Durante a incubação, preparar os ligantes recombinantes his-tag a uma concentração fixa de 10 nanogramas por mililitro em PBS. Em seguida, prepare o peptídeo bloqueador em diferentes concentrações em PBS, variando de 10 nanomolares a 100 micromolares para garantir uma curva dose-resposta. Assim, o valor IC50 para o peptídeo bloqueador pode ser encontrado.

Nos poços de controle, carregue a concentração fixa do ligante sem peptídeo para derivar a ligação máxima. Nos poços em branco, adicione apenas PBS sem ligante ou peptídeo. Nos demais poços, adicionar 50 microlitros dos ligantes e 50 microlitros de cada concentração de peptídeo.

Em seguida, incube a placa por duas horas em temperatura ambiente e proceda normalmente. As constantes de dissociação entre três peptídeos ligantes de interferon diferentes e a subunidade alfa do receptor IL28R-a foram determinadas usando o LRA direto, a fração de locais de ligação ocupados é plotada em relação ao logaritmo da respectiva concentração de interferon. Esses resultados ilustram uma curva de ligação que pode ser analisada para estimar o valor de KD, ajustando os dados à equação de Hill.

Um gráfico de Scatchard ilustra a cooperatividade na ligação do ligante, em última análise, o ligante 1 do interferon tem a maior afinidade de ligação, seguido pelo ligante 2 do interferon e pelo ligante 3 do interferon. O valor do coeficiente de Hill de mais de 1 sugere maior afinidade por ligantes adicionais após a interação inicial do receptor do ligante. Em seguida, o LRA competitivo foi usado para quantificar o impacto de um peptídeo bloqueador na interação entre os peptídeos ligantes de interferon e a subunidade receptora.

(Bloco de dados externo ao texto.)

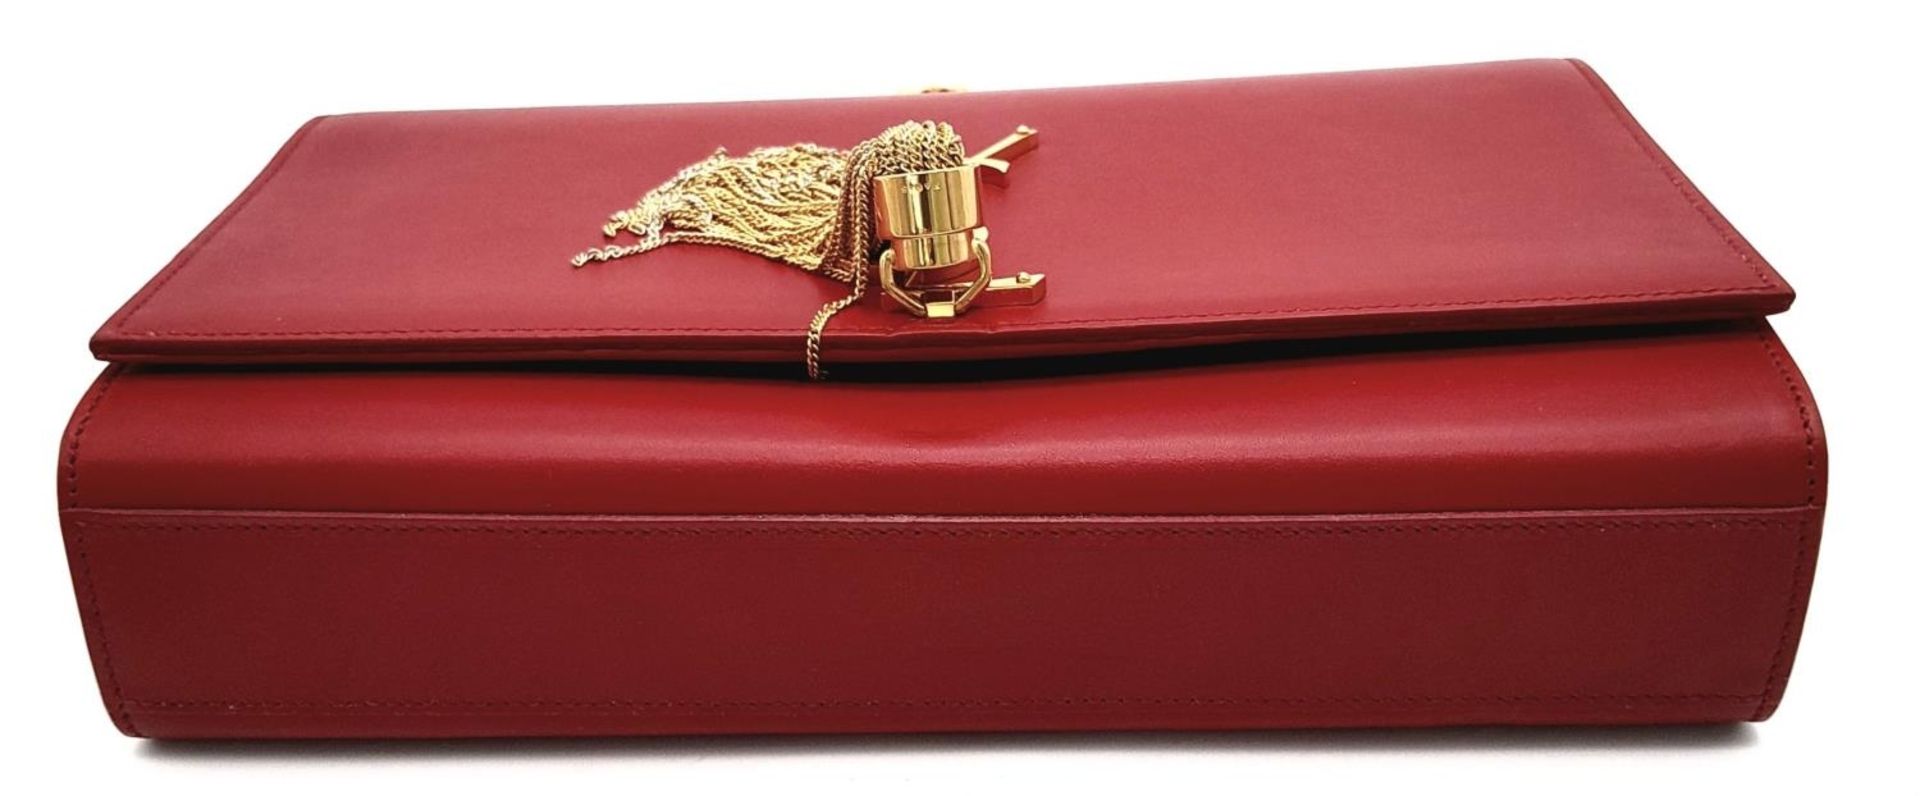 A YSL Red Kate Tassel Crossbody Bag. Leather exterior with gold-toned hardware, the iconic YSL logo, - Bild 5 aus 12
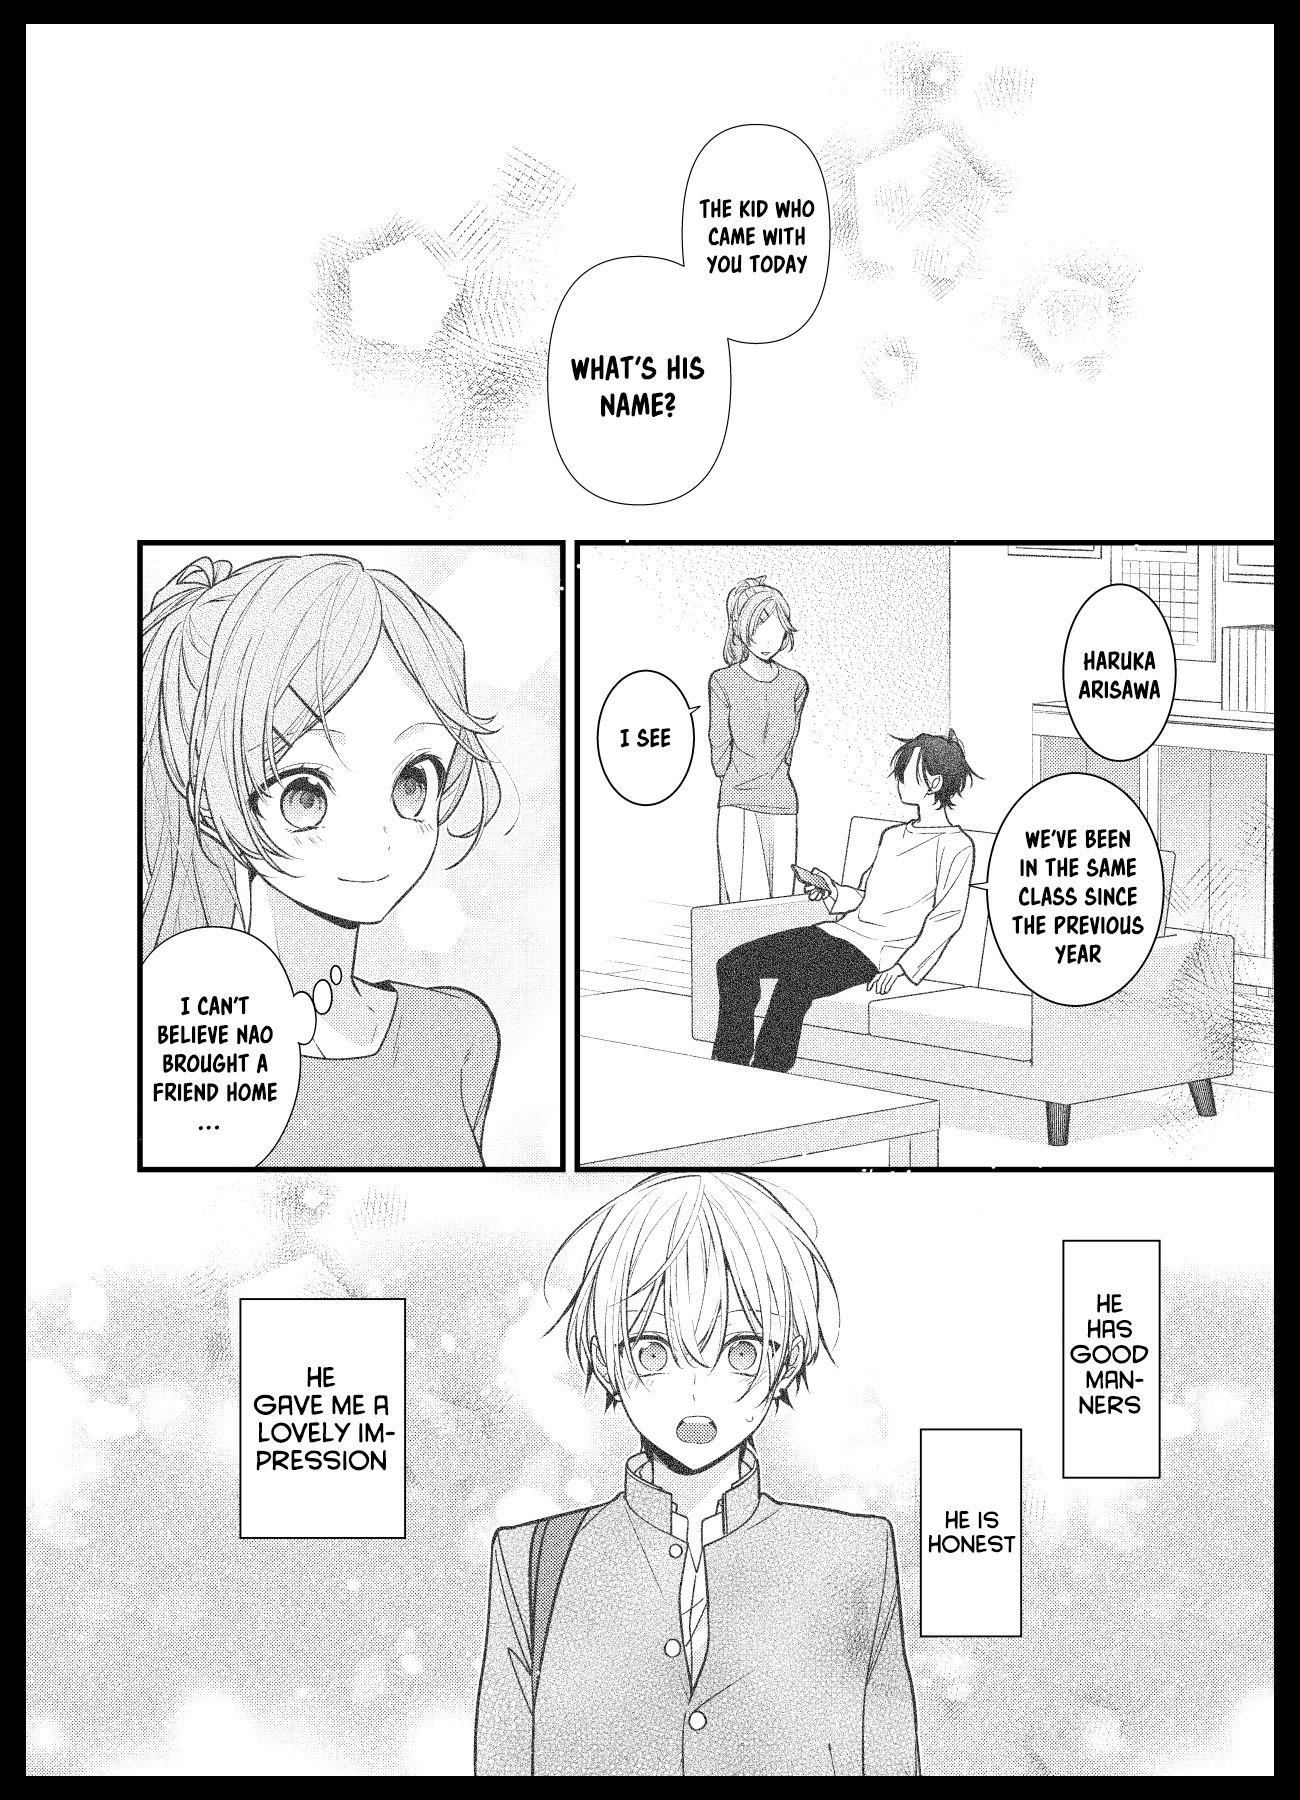 The Story Of A Guy Who Fell In Love With His Friend's Sister - Page 2

A fração de locais de ligação ocupados para um peptídeo ligante de interferon a 10 nanogramas por mililitro é plotada em relação ao log da concentração do peptídeo de interferon. A partir desses dados, foram estimados os valores de IC50. De acordo com os valores calculados, o peptídeo bloqueador inibiu a interação entre o ligante de interferon 3 e IL28R-a em maior extensão.

Uma vez dominada, esta técnica, pode ser feita em oito horas. Se for executado corretamente. Ao tentar este procedimento, é importante lembrar que cada concentração de saturação da ligação do receptor do ligante, seguindo este procedimento, os outros métodos podem ser realizados para obter valores de KD mais detalhados.

Após seu desenvolvimento, essa técnica abriu caminho para pesquisadores no campo das interações ligante-receptor explorarem substâncias inibitórias para bloquear essas interações.